Since this is a Ldom environment .. there is no zoning from the switches .. the storage is shared to both the domains from the primary domain .. just like the oradg disk group ..  and after restarting the fencing on both the nodes .. node1's registeration keys were kicked out and the node2 now shows like this 

 

 

vxfenadm -s all -f /etc/vxfentab
 
Device Name: /dev/vx/rdmp/emc_clariion0_17s2
Total Number Of Keys: 1
key[0]:
        [Numeric Format]:  86,70,48,48,48,49,48,49
        [Character Format]: VF000101
   *    [Node Format]: Cluster ID: 1     Node ID: 1   Node Name: Node2
 
Device Name: /dev/vx/rdmp/emc_clariion0_18s2
Total Number Of Keys: 1
key[0]:
        [Numeric Format]:  86,70,48,48,48,49,48,49
        [Character Format]: VF000101
   *    [Node Format]: Cluster ID: 1     Node ID: 1   Node Name: Node2
 
Device Name: /dev/vx/rdmp/emc_clariion0_19s2
Total Number Of Keys: 1
key[0]:
        [Numeric Format]:  86,70,48,48,48,49,48,49
        [Character Format]: VF000101
   *    [Node Format]: Cluster ID: 1     Node ID: 1   Node Name: Node2
 
 
cat /etc/llthosts
0 Node1
1 Node2
 
 
 
and the node1 panic and rebooted 
 
 
 
And one more thing do you where i can get lltlink_disable & lltlink_enable scripts .. i have lost them .. so to test the fencing and link failures in Ldom environment i need that .. 
 
Thanks 

Fugitive
Level 4

 

Can anyone help me on this ?  

Gaurav_S
Moderator
Moderator
   VIP    Certified

I missed to answer this one.. This was seen as known issue in 5.1

 

http://sfdoccentral.symantec.com/sf/5.1/solaris/html/sfha_virtualization/ch04s15s01s02.htm

 

Gaurav

Gaurav_S
Moderator
Moderator
   VIP    Certified

This is documented in 5.1SP1 guide too.... so this doesn't seems to be fixed yet...

 

https://sort.symantec.com/public/documents/sfha/5.1sp1/solaris/productguides/pdf/sfha_virtualization_51sp1_sol.pdf

 

Guest LDom node shows only 1 PGR key instead of 2 after
rejecting the other node in the cluster
For configuration information concerning the guest LDom node shows only 1 PGR
key instead of 2 after rejecting the other node in the cluster:
See Figure 5-4 on page 76.
This was observed while performing a series of reboots of the primary and alternate
I/O domains on both the physical hosts housing the two guests.

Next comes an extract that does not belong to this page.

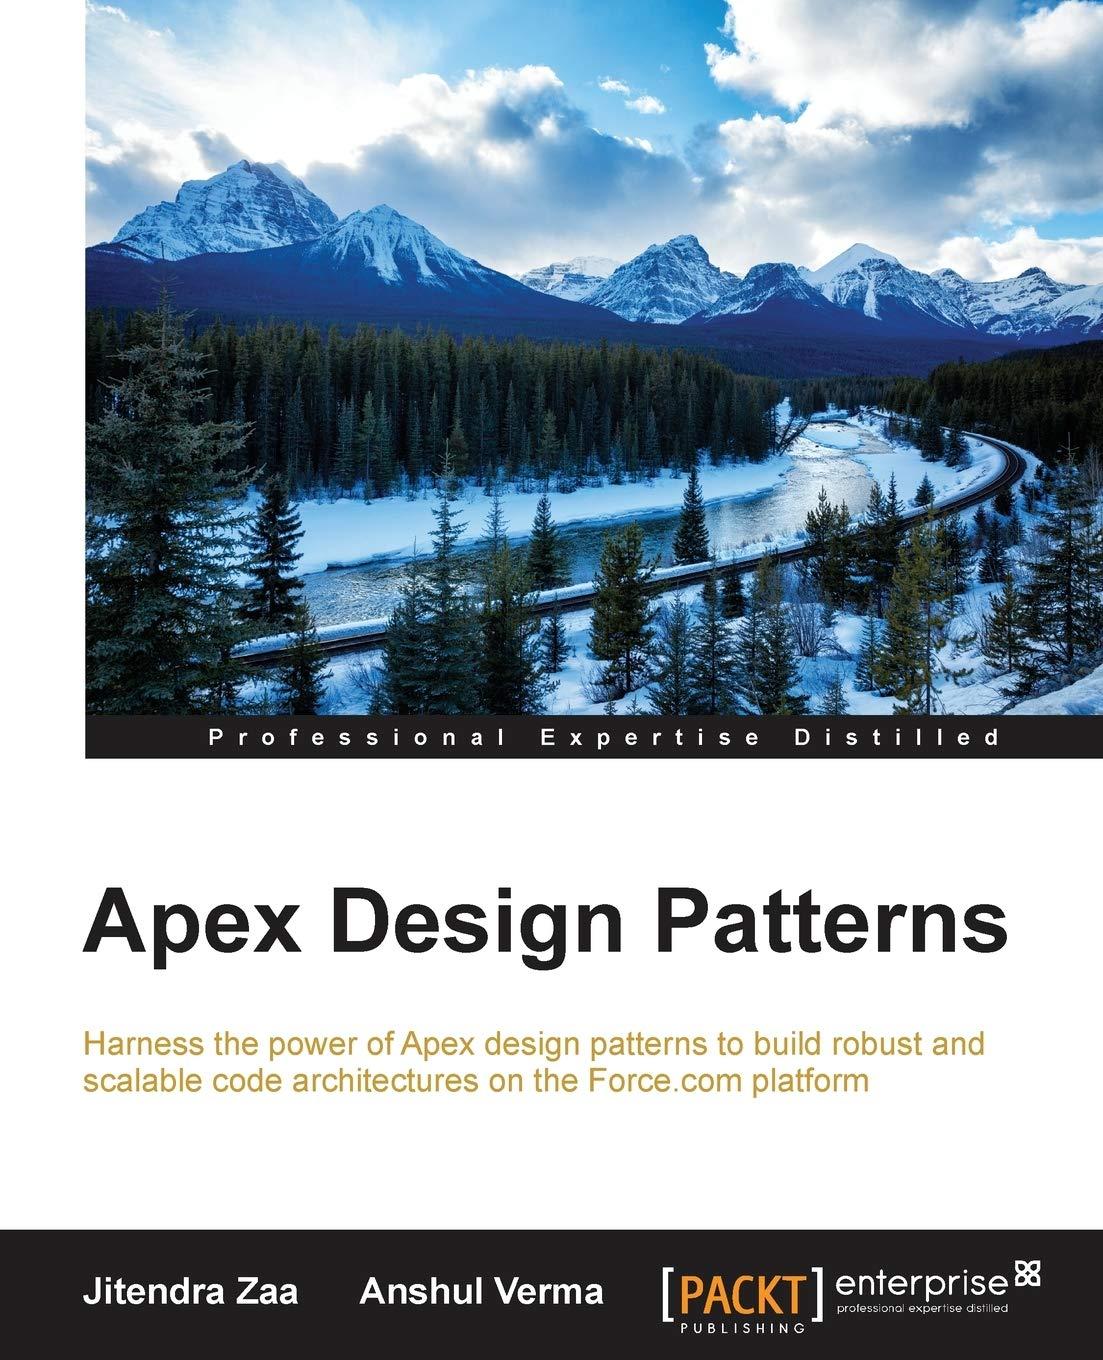 apex design patterns harness the power of apex design patterns to build robust and scalable code

At some point
one key is reported missing on the coordinator disk.
This issue is under investigation. The vxfen driver can still function as long as
there is 1 PGR key. This is a low severity issue as it will not cause any immediate
Storage Foundation and High Availability Solutions support for VM Server for SPARC (Logical Domains)
Known issues
96
interruption. Symantec will update this issue when the root cause is found for
the missing key

Fugitive
Level 4

 

 

Thanks for the update Gaurav. Marking it Solution .. :) 

 

And do you know where i can get the llt_disable/enable scripts . . 

Gaurav_S
Moderator
Moderator
   VIP    Certified

I don't have those scripts either... don't remember but are those scripts propreitery or intellectual property of Symantec ? If yes then it won't be shared...

 

Gaurav